Не стесняясь, взял в руки продолговатый предмет, то ли погремушку, то ли, действительно, курительную трубку.
Роджер подошёл к нему:
– Это вувузела, только африканская. На ней играл шаман одного племени. Он считал, что в вувузеле находятся духи местных божеств.
– Н-да? – Росс приложил к губам узкое отверстие и дунул. Громкий и протяжный звук заставил всех, включая Роджера, подпрыгнуть.
– Дурак! – буркнула Мод, в это время рассматривавшая яйцо.
– Пожалуйста, не надо играть на инструментах! Нас услышат! – взмолился красный от смущения и страха Роджер.
– Ладно, – согласился Росс, сделал вид, что ставит инструмент назад, а когда Роджер отвлёкся на Хадсона, пытающегося открыть загадочный сундук, сунул вувузелу в карман.
Мод гладила прохладную чешуистую, будто вылитую из тёмного металла, поверхность яйца. Её интересовало, чьё это яйцо и почему оно такое большое. Надо же, динозавра? Откуда у Роджера такая уверенность? И сколько лет этому яйцу? Всего полторы тысячи? Ха-ха! Всем известно, что динозавры жили много позже.
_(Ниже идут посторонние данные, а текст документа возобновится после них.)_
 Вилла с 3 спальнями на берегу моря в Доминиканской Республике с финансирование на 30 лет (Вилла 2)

Значит, это какая-то фуфловая подделка.
Мод отвлекала хозяйского сына, а её друзья тем временем прикидывали, какую дорогую мелочь можно стащить. Наивный Роджер, которому давно льстило внимание самой крутой компании Уоллонгонга, вежливо отвечал на вопросы, хотя смутное подозрение уже заставляло его лоб и спину покрываться испариной: как бы эта шустрая компания чего-нибудь не учудила. И выпроводить их сейчас – вызвать насмешки, и оставлять здесь опасно. Отец вернётся завтра, но если что-то здесь сдвинется с места всего на сантиметр, он обязательно заметит.
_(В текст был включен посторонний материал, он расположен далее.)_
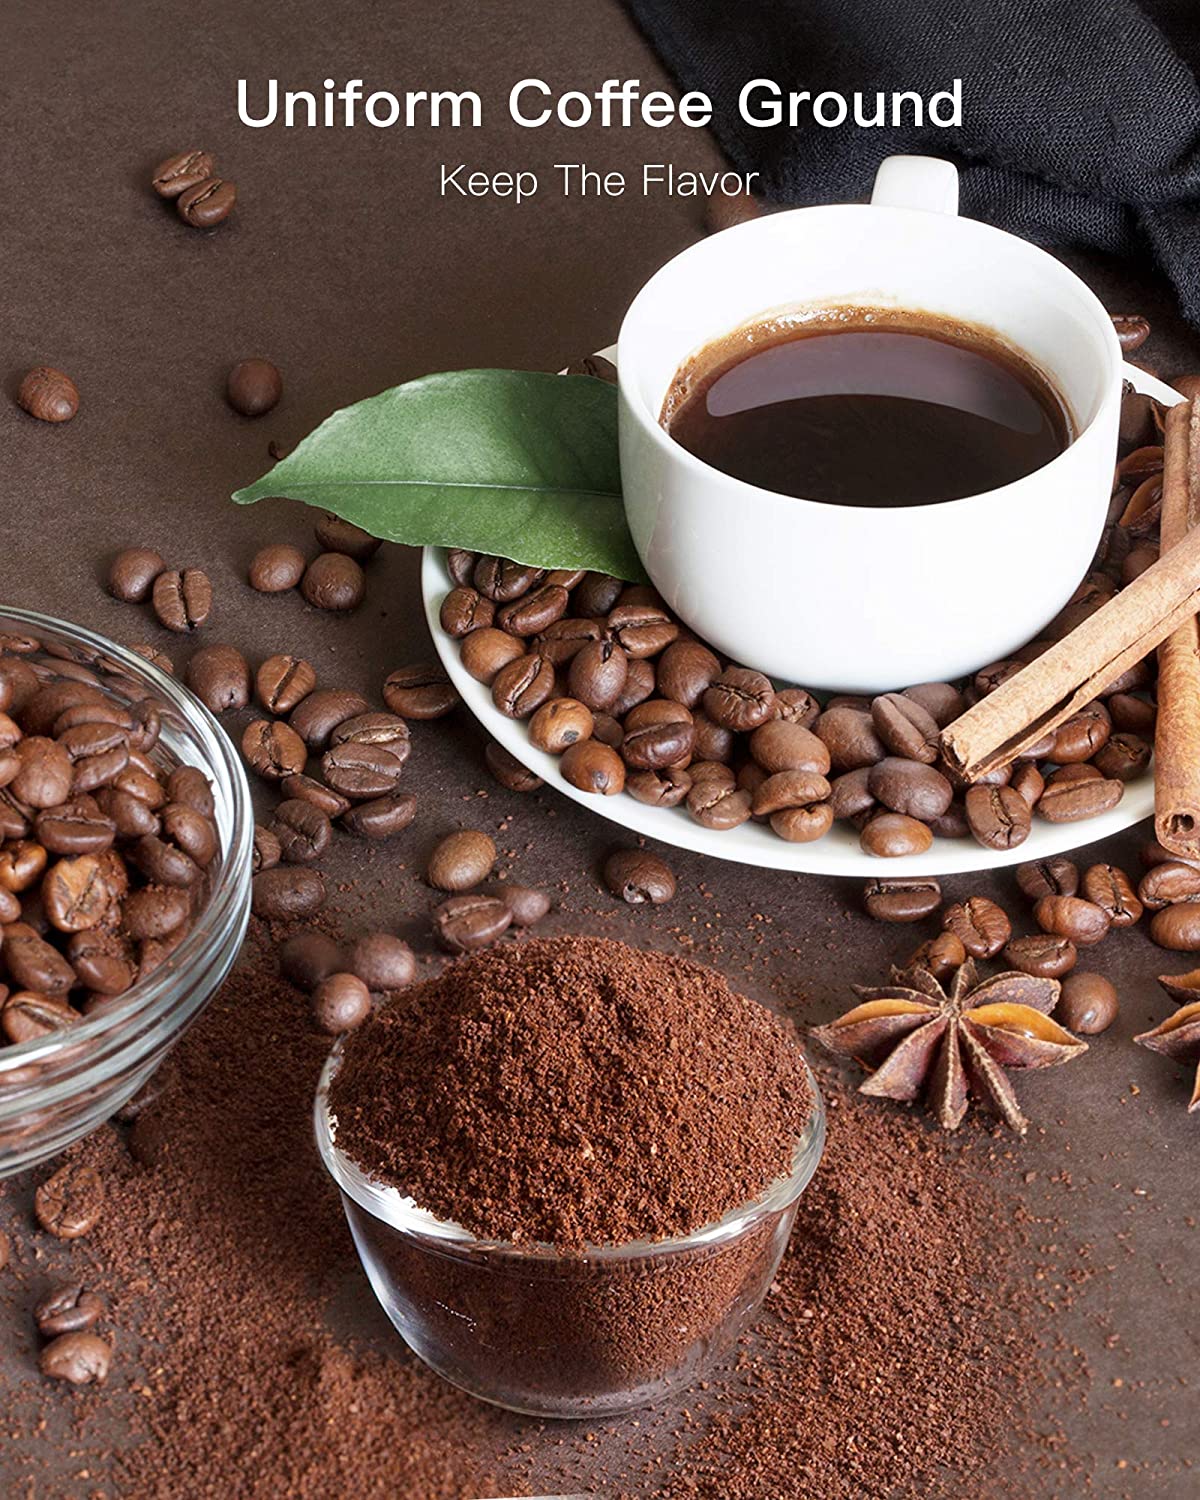 SHARDOR Adjustable Coffee Grinder Electric, Herb Grinder, Spice Grinde –  Kaffa Abode

– Опа, музычка! – Росс заметил сразу три граммофона разных конструкций, от самой странной до привычной. Рядом с каждым инструментом находился шкафчик с пластинками. – Мод, потанцуем?
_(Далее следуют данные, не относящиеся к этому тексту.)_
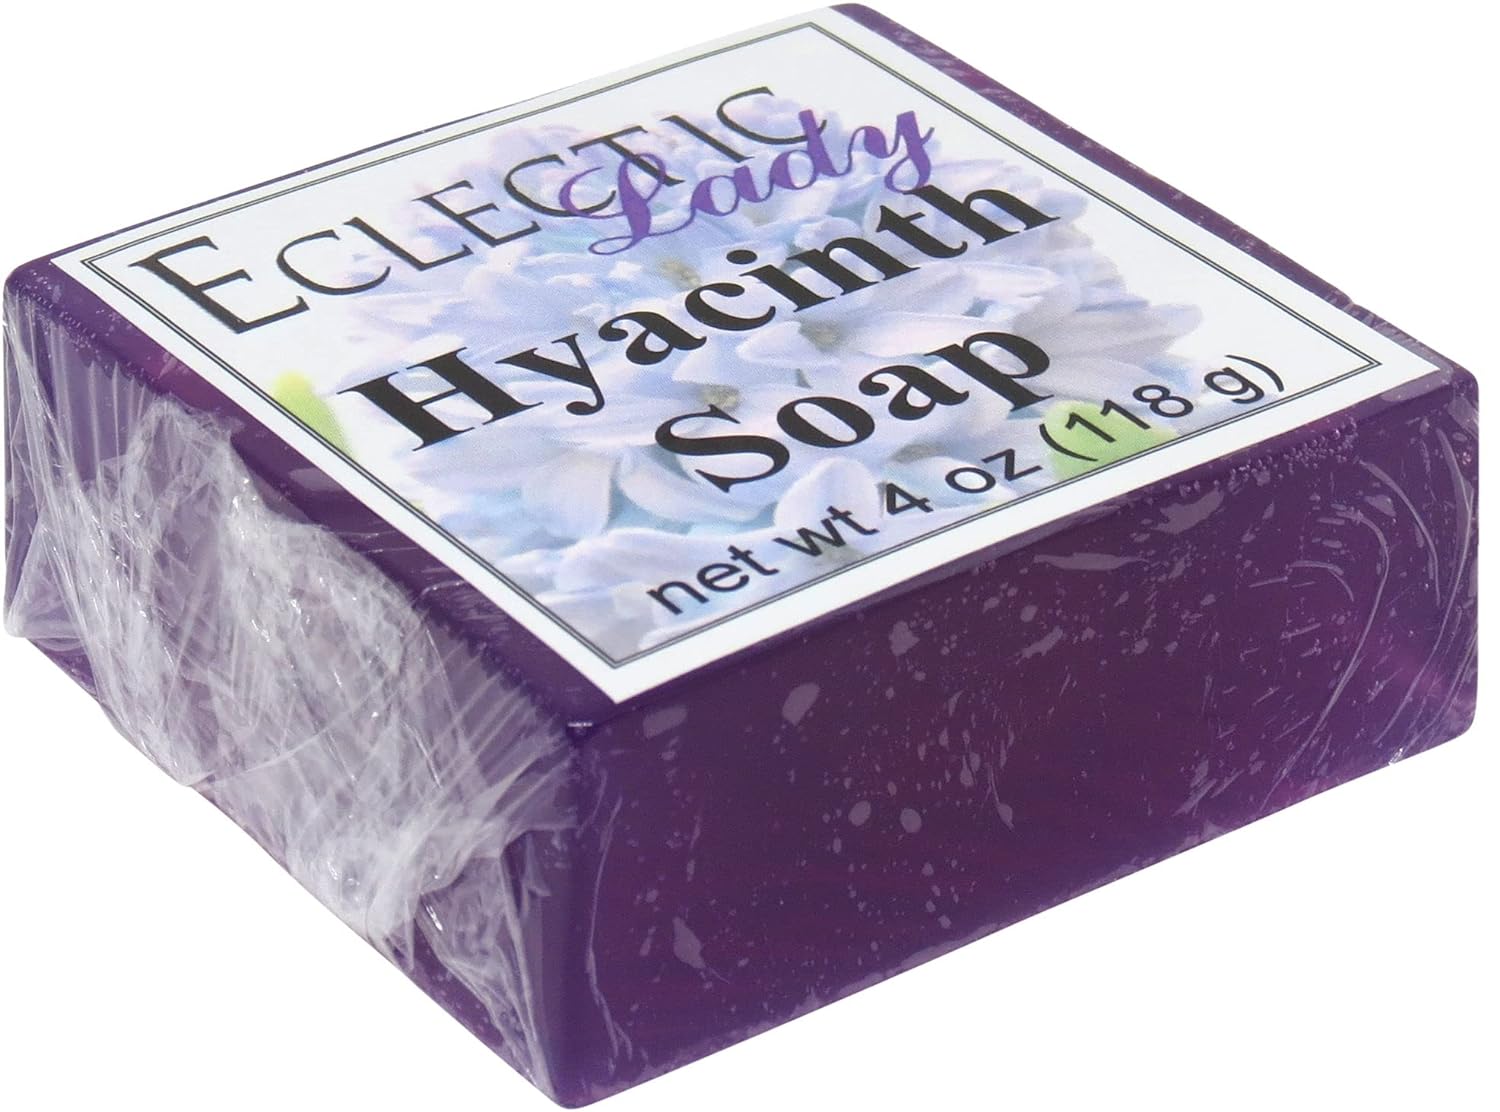 Esupli.com  Eclectic Lady Hyacinth Glycerin Soap, 4  Bar

Девушка подошла к Россу, выбрала пластинку наугад и обернулась к криво улыбающемуся Роджеру:
– Род, пригласишь на танец, малыш?
Роджер на всякий случай прикрыл дверь, чтобы шум не просочился наружу, и подошёл к тем, кого считал новыми крутыми друзьями:
– Запросто!
Росс поставил пластинку, заиграла народная музыка африканского племени, однако Мод скривилась:
– Буэ! Только не это!
Покопавшись в скудном старом ассортименте, наконец выбрали рок-н-ролл, и Мод, потрясая юбкой, собранной в складки по бокам, соблазнительно покачивая плечами, пошла на Роджера эдакой испанской танцовщицей.
– Давай, Род! – поощрительно сказали хором Росс и Хадсон, а затем переглянулись.
Мод отвлекала глупенького Роджера, выплясывая с ним, и Росс подобрался к другому граммофону, выглядевшему старше прочих, прочитал на двух-трёх пластинках названия, подмигнул однокласснику и, не дожидаясь окончания танца Мод, включил звуки, похожие на барабанный бой.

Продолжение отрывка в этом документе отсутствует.